In the fall of 1879, Couch heard David L. Payne give a talk about the availability of land for homesteads in Indian Territory (which Payne called "Oklahoma Country"). Payne asserted that the land in the territory was public land and thus should be free to homesteaders. Meanwhile, the U.S. government was already busy forcing Indian tribes onto these lands and warning would-be settlers that the lands were not free. Nevertheless, Couch became an enthusiastic follower of Payne's movement, formally joining the Boomers in 1880. William moved his family back to Douglass, where his father could look after them. By then, William and Cynthia had five children. William then became more active in the Payne movement and checking out locations that might make suitable homesteads.

Couch joined the Boomer Movement in 1880. Inspired by Payne, he soon became one of the Boomer leaders. In February, 1883, he led a group of Boomers into Indian Territory to stake out land claims. The army intervened, arrested the would-be settlers and interned them at Fort Reno, until they returned to Kansas. Couch immediately began planning new forays into the Oklahoma Country. He led two new expeditions, one in August 1883 and the other in April 1884. (Note: William's father, Meshack, evidently joined the April 1884 expedition, for that is when he claimed a homestead within the present site of Oklahoma City.)
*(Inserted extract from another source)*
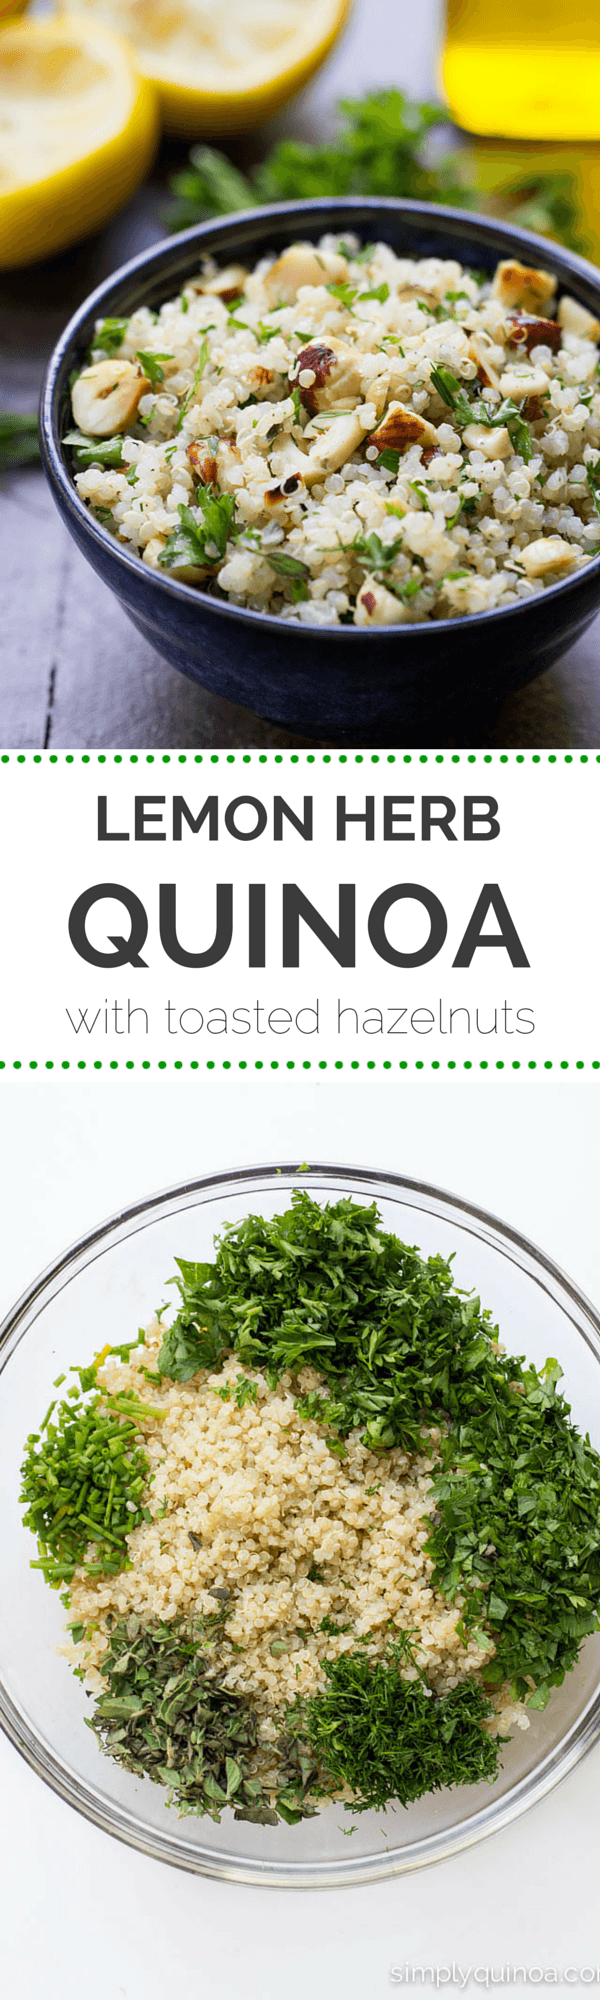 Lemon Herb Quinoa Salad with Toasted Hazelnuts - fresh, light and packed full of flavor | simplyquinoa.com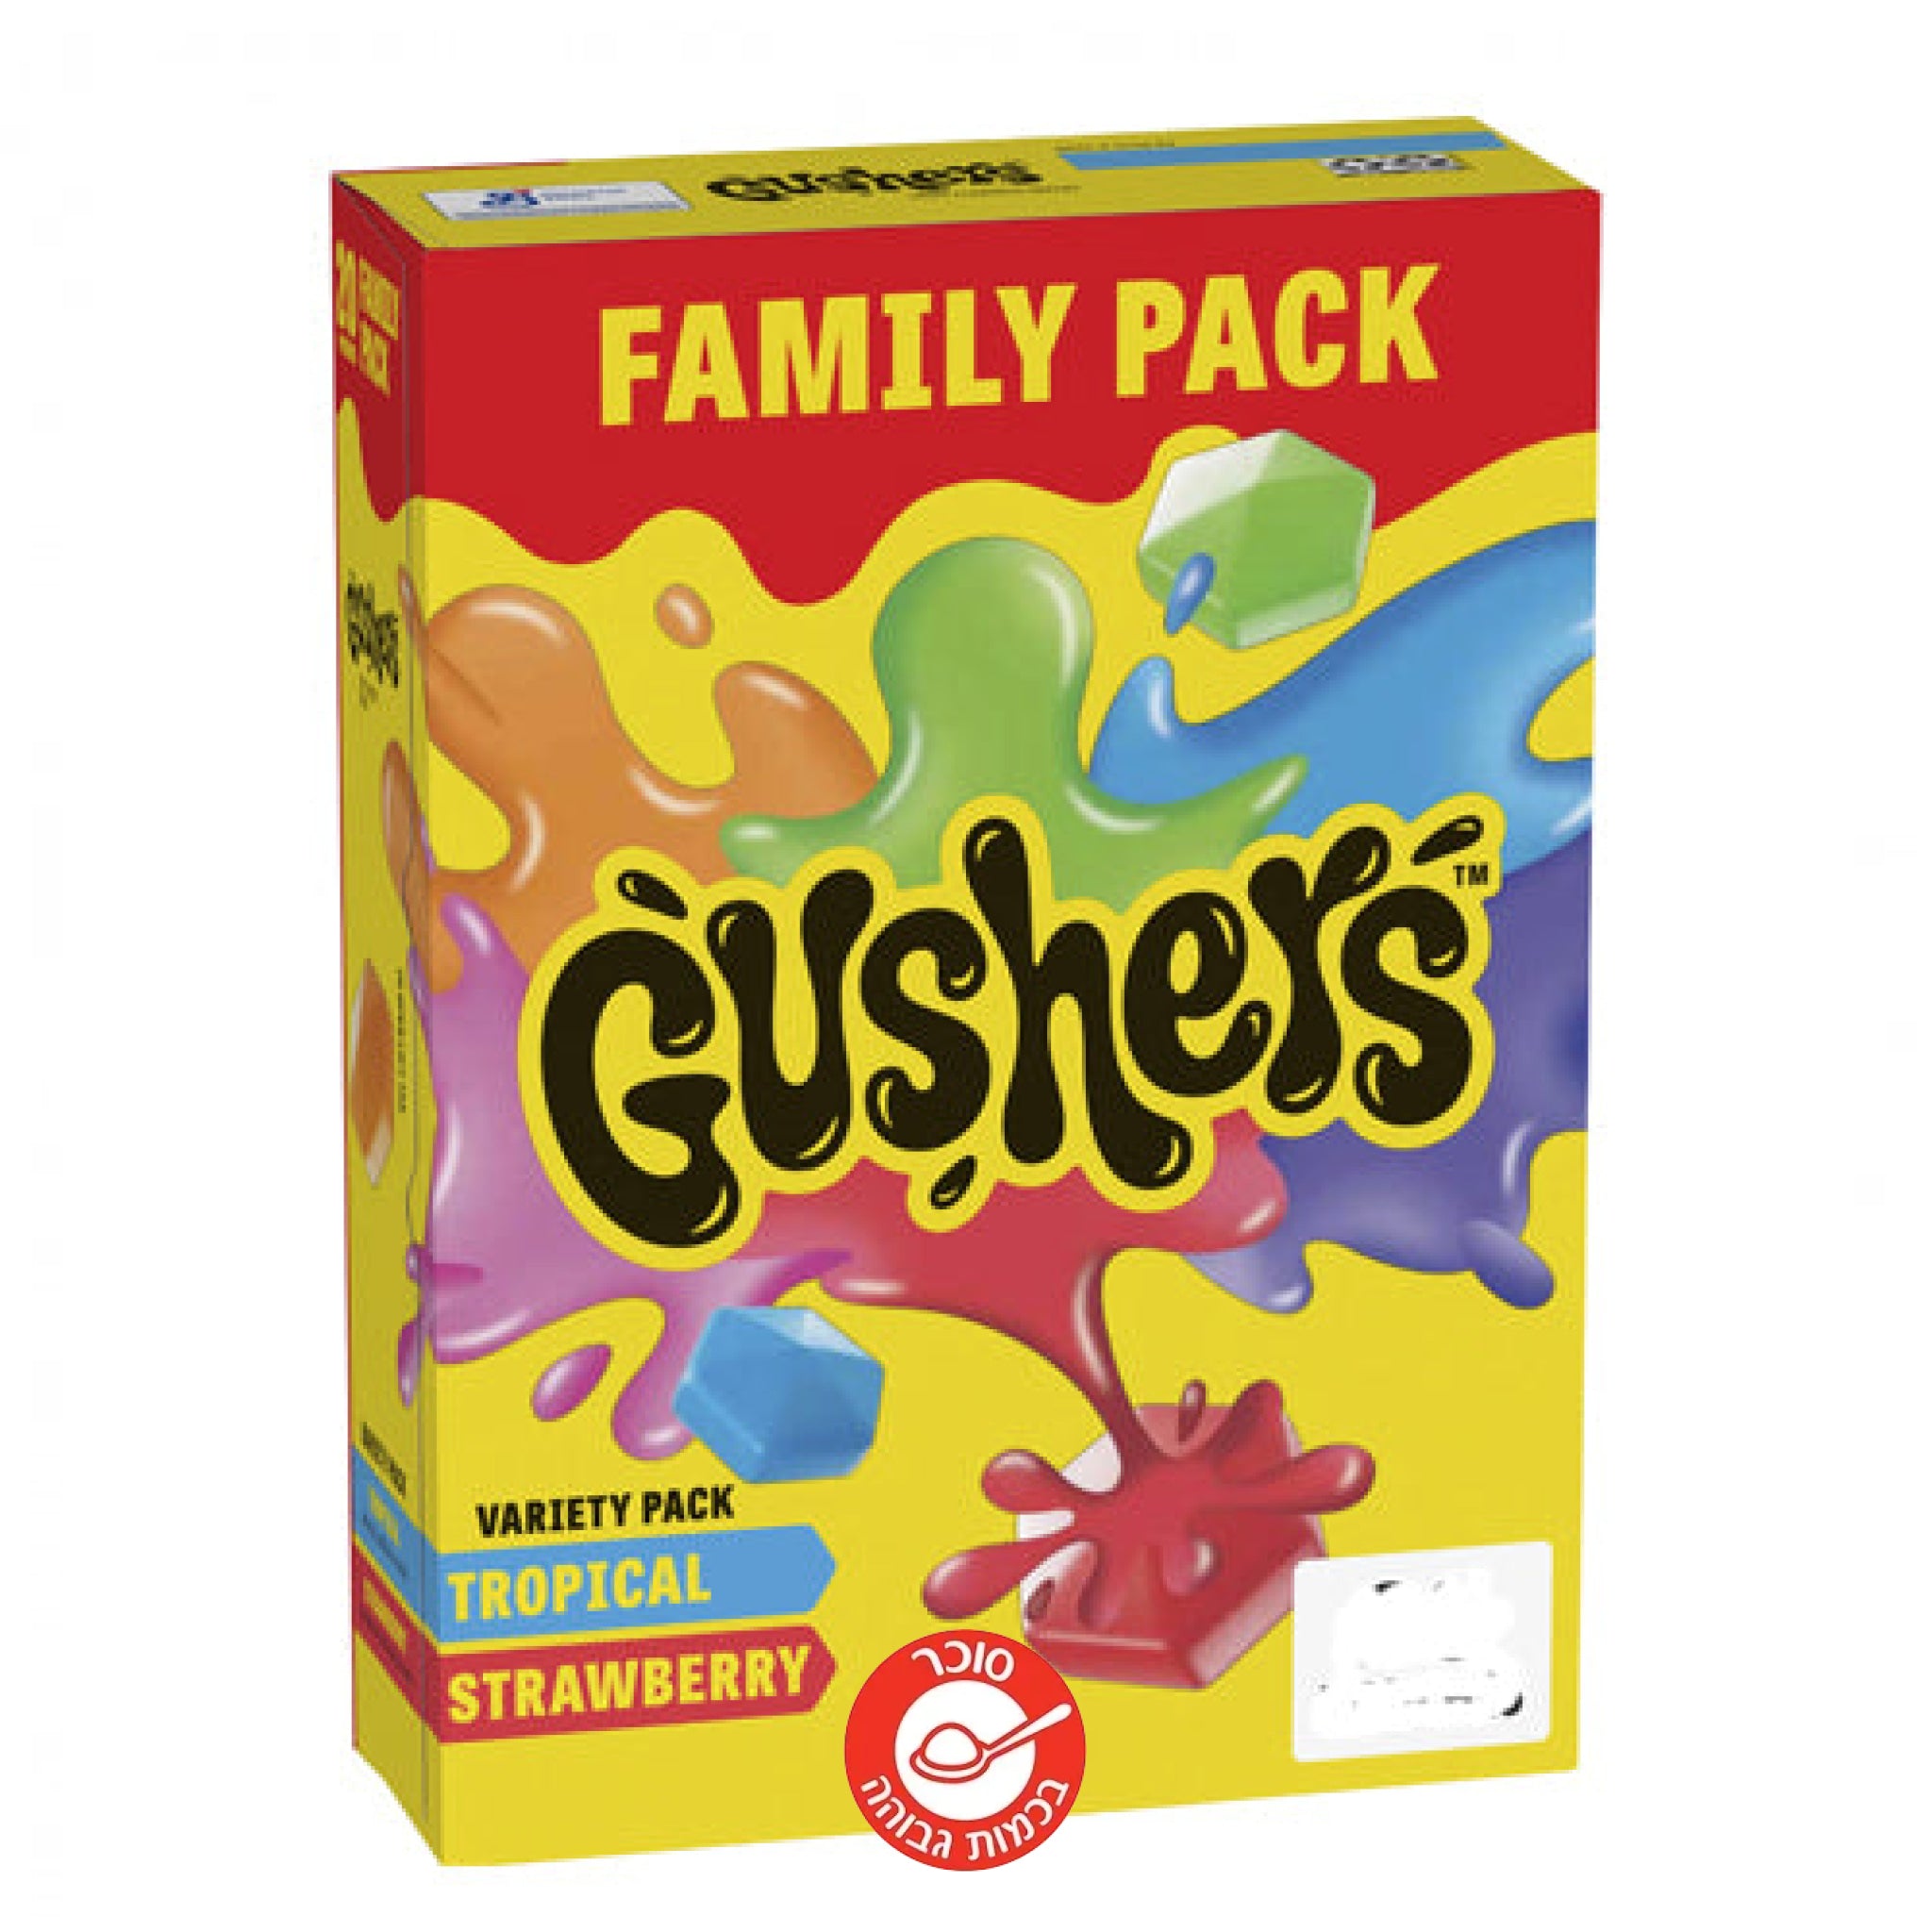 Gushers Tropical and Strawberry גאשרס טרופי ותות שדה

William Couch became the sole leader of the movement after David L. Payne died of a heart attack in Wellington, Kansas, on November 28, 1884. One of his first acts in this new role was to lead a group of about 300 would-be settlers from Wellington across the Cherokee Outlet to a suitable area inside Indian Territory. On December 12, 1884, the expedition came to a stream that they named Still Water. A detachment of the U.S. Cavalry quickly arrived to cut off the Boomers' supplies, after which the invaders were arrested and forced out of the territory. After being released from custody, Couch spent the next few years in Washington, D. C., lobbying for the opening of the Unassigned Lands to public settlement. His arguments ultimately succeeded.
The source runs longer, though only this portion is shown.